According to the team’s models, the central Andes can expect to see future temperature increases ranging from 3 to 5 degrees Celsius depending on the region, model and emission scenario, by the end of the 21st century.

UAlbany climate scientist Mathias Vuille takes photo with Ph.D. student Christian Yarleque at his graduation.

Recent Ph.D. graduate Christian Yarleque (left) and UAlbany climate scientist Mathias Vuille pose for a photo during last May's commencement festivities.


This warming will not only melt away Quelccaya, but other glacierized surface areas in the region too, including in the Cordillera Blanca and the Cordillera Ampato, where lower elevation glaciers could equally disappear.

Mountain glaciers in the tropical Andes are critical for the millions of people and animals who rely on the melting ice for drinking water, sanitation, agriculture and electricity production. Peru generates about 54 percent of its electricity from hydropower.

“We often think about climate change as a problem that will impact future generations,” Yarleque said. “In this case, we are only looking at about 30 years down the road. People who are living in Peru right now will be impacted by the glacier changes in this region.”
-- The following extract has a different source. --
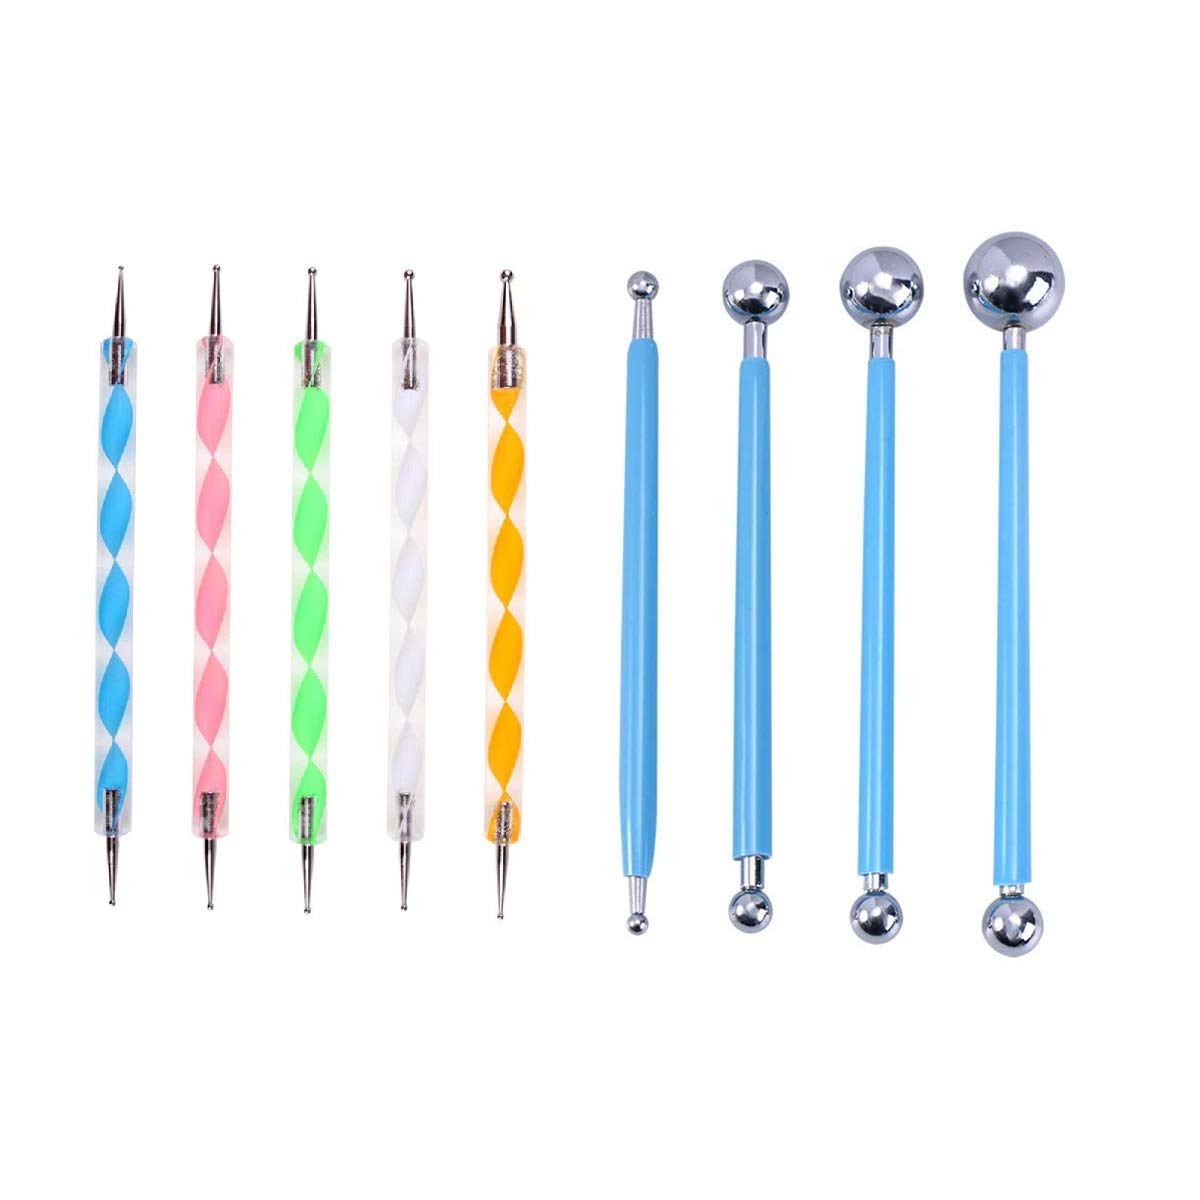 Dotting Tool Set - Paper Bead Rollers

The melting of glacial ice that took thousands of years to form also has a symbolic meaning, according to the researchers.

“The shrinking of the Quelccaya ice cap is a visual reminder of what is happening to our environment due to global warming,” Vuille said. “People can see the change right in front of them.”

“We are not going to be able to save this ice cap without major societal changes. What we do today, matters for tomorrow,” added Yarleque.

Other researchers involved with this study included Oliver Elison Timm, an associate professor in the Department of Atmospheric and Environmental Sciences, Douglas Hardy of UMass Amherst, and international researchers Jorge De la Cruz (Lima, Peru), Hugo Ramos (Lima, Peru) and Antoine Rabatel (Grenoble, France).

The study was funded by a 5-year, $1 million grant from the Bureau of Western Hemisphere Affairs within the U.S. Department of State, and a 5-year, $5 million grant from the National Science Foundation. The National Oceanic and Atmospheric Administration provided support for instrumentation on the summit of the ice cap.

Findings were published last week in Nature Scientific Reports.